### WHAT YOU NEED TO DO:
Could you output the listing that follows exactly, without its images?

### SOURCE DATA:
++++++

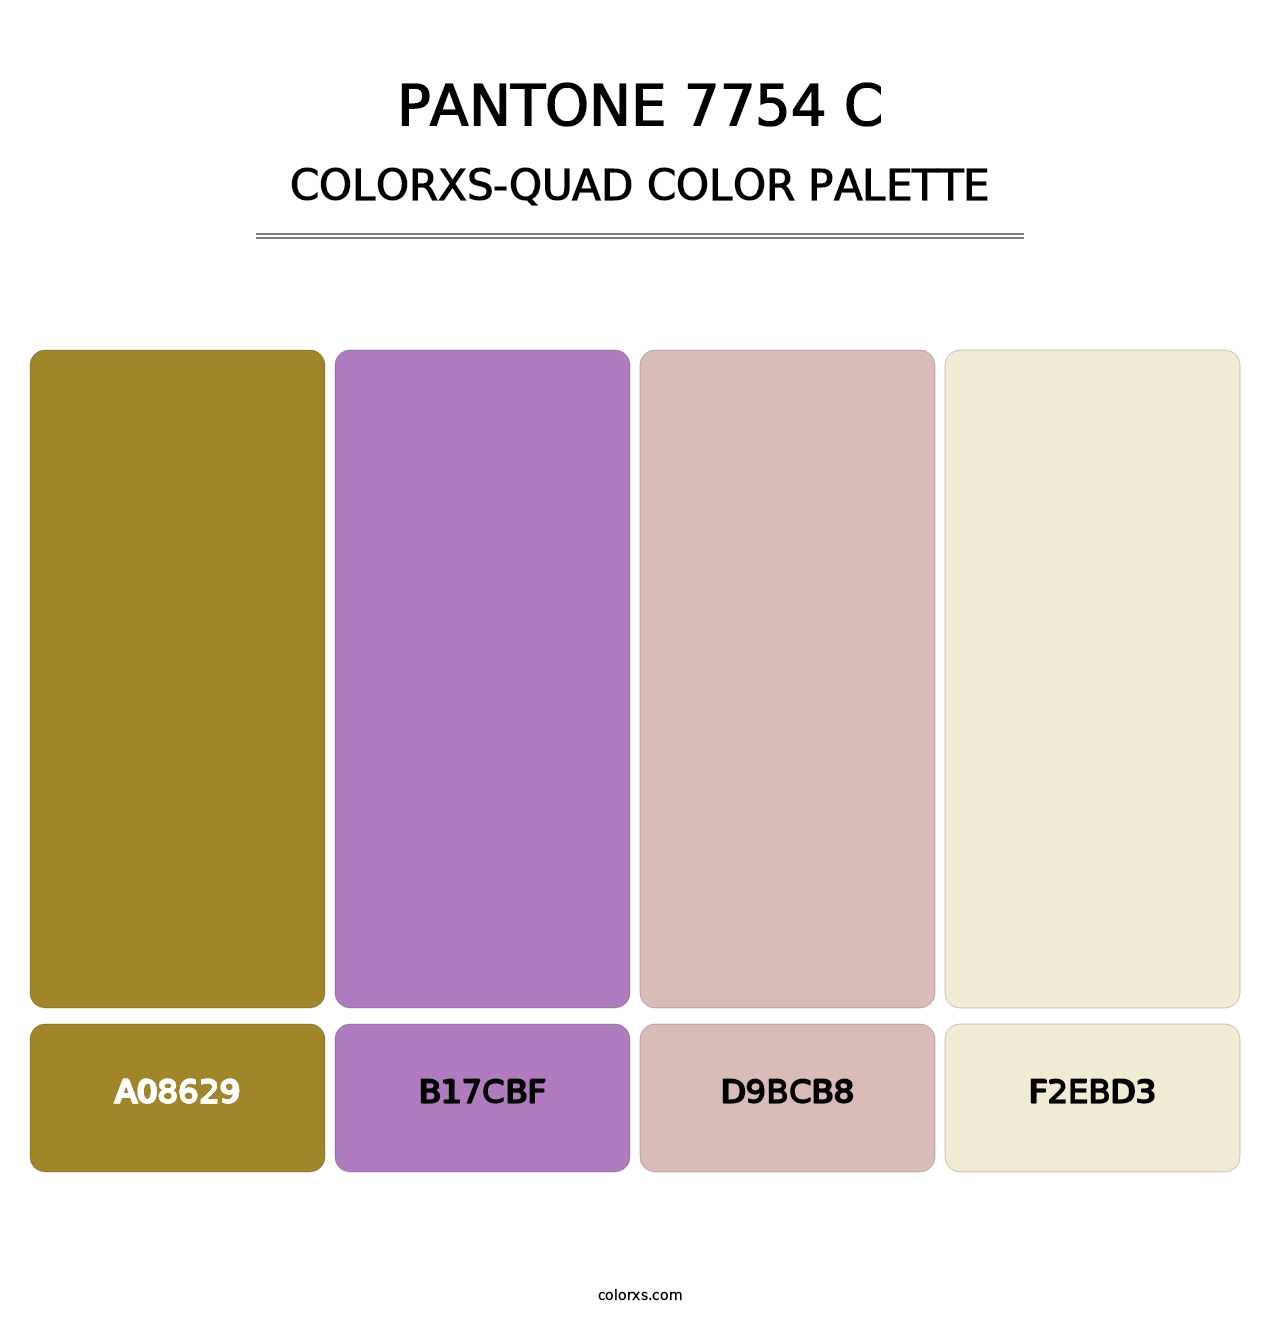 PANTONE 7754 C - Colorxs Quad Palette
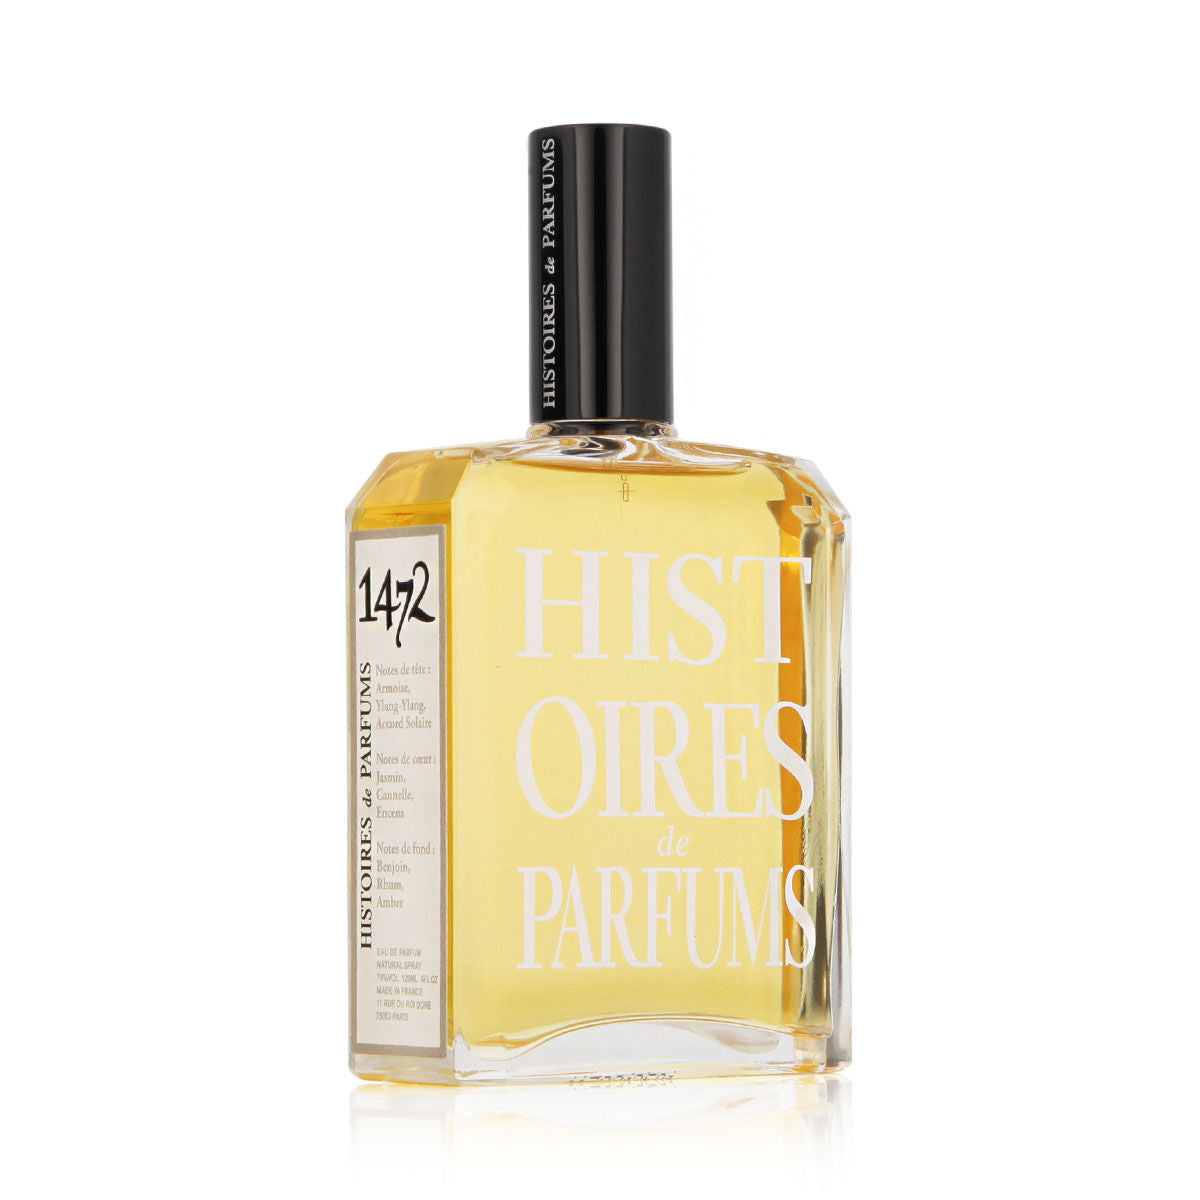 Uniseks Parfum Histoires de Parfums EDP 1472 La Divina Commedia 120 ml
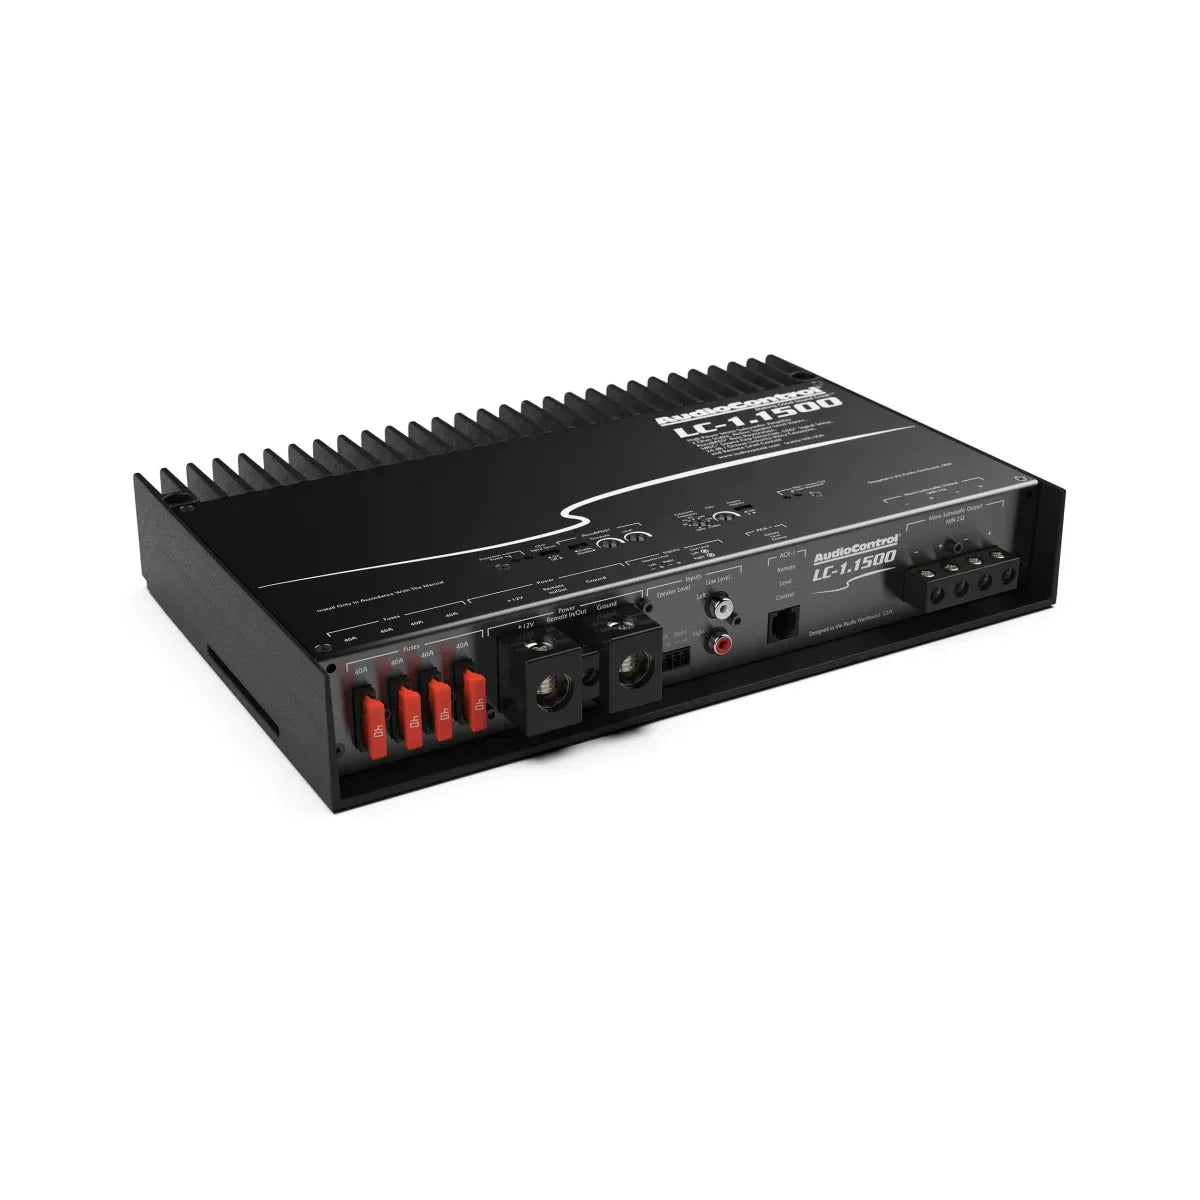 LC-1.15001-Kanal 1-Kanal Verstärker Verstärker AUDIOCONTROL Audiocontrol
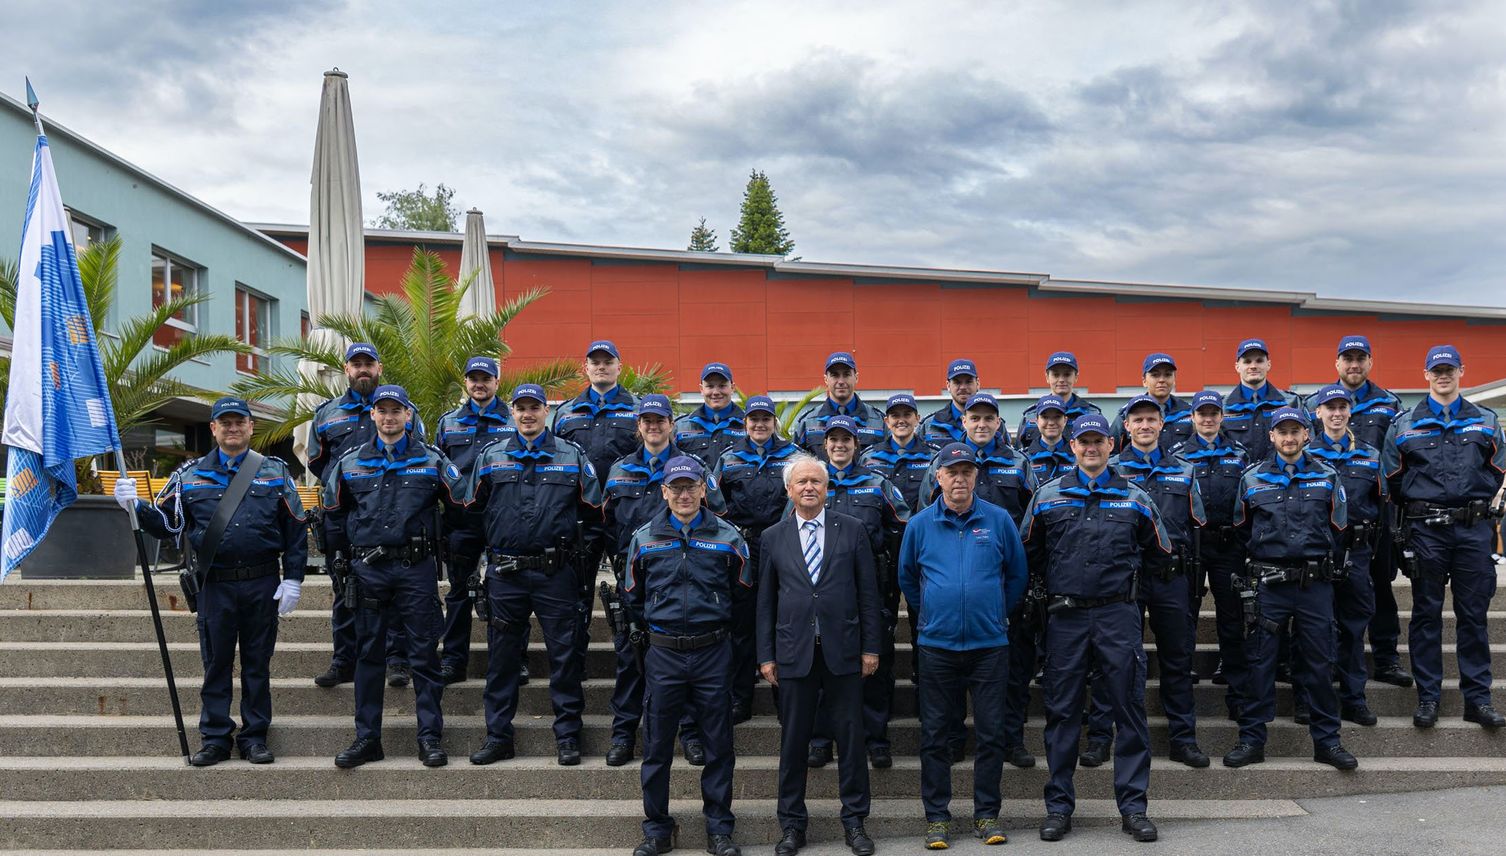 Kanton Luzern vereidigt 23 Polizistinnen und Polizisten
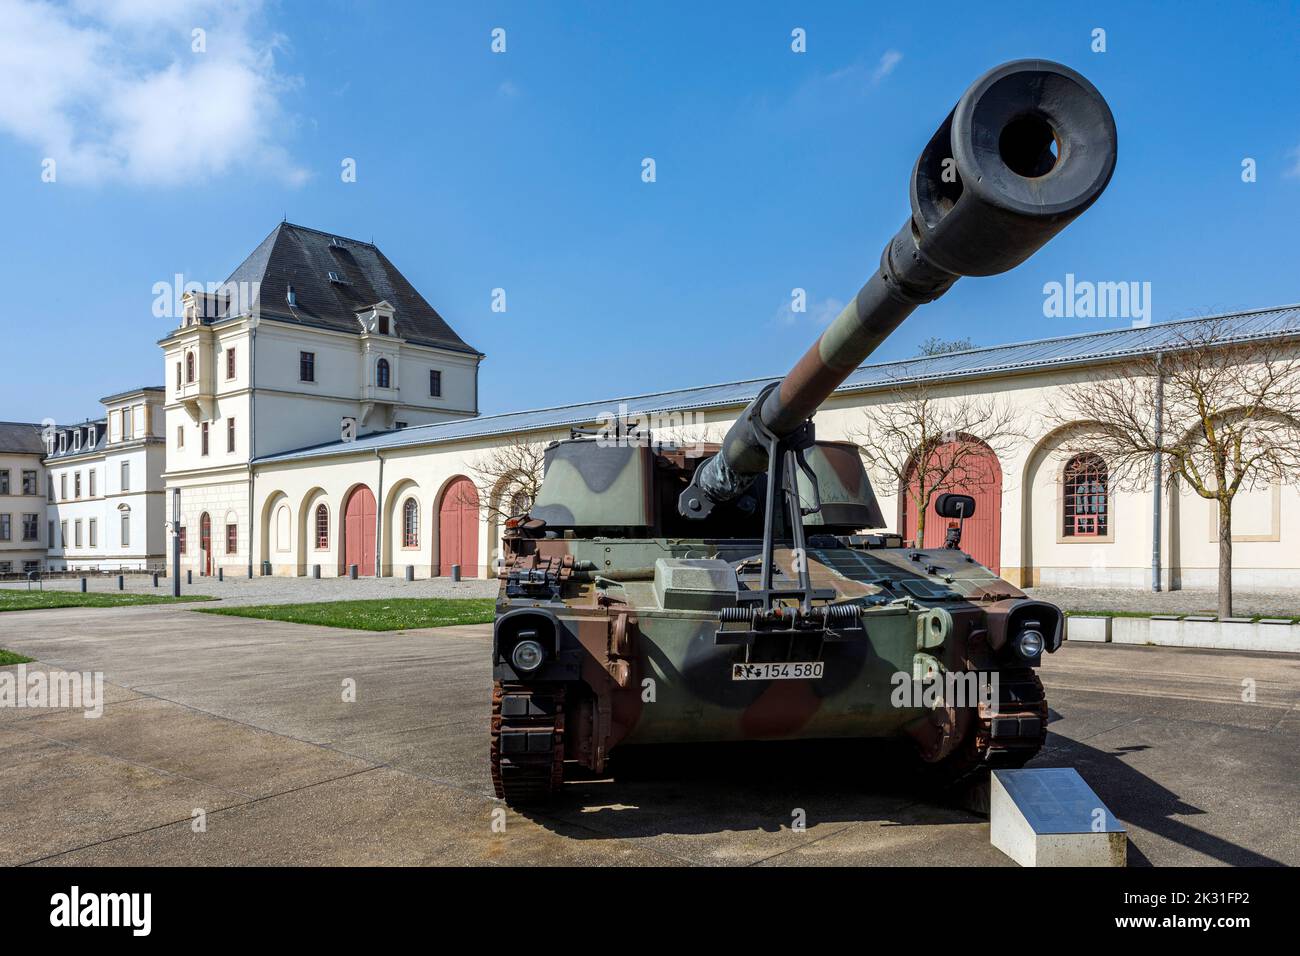 Militärhistorisches Museum der Bundeswehr a Dresda, Panzerhauabitze M109 auf dem Außengelände neben dem Hauptarsenal Foto Stock

++++++

### THE ANSWER:
 PANTONE 7754 C - Colorxs Quad Palette
 Uniseks Parfum Histoires de Parfums EDP 1472 La Divina Commedia 120 ml
 LC-1.15001-Kanal 1-Kanal Verstärker Verstärker AUDIOCONTROL Audiocontrol
 Kanton Luzern vereidigt 23 Polizistinnen und Polizisten
 Militärhistorisches Museum der Bundeswehr a Dresda, Panzerhauabitze M109 auf dem Außengelände neben dem Hauptarsenal Foto Stock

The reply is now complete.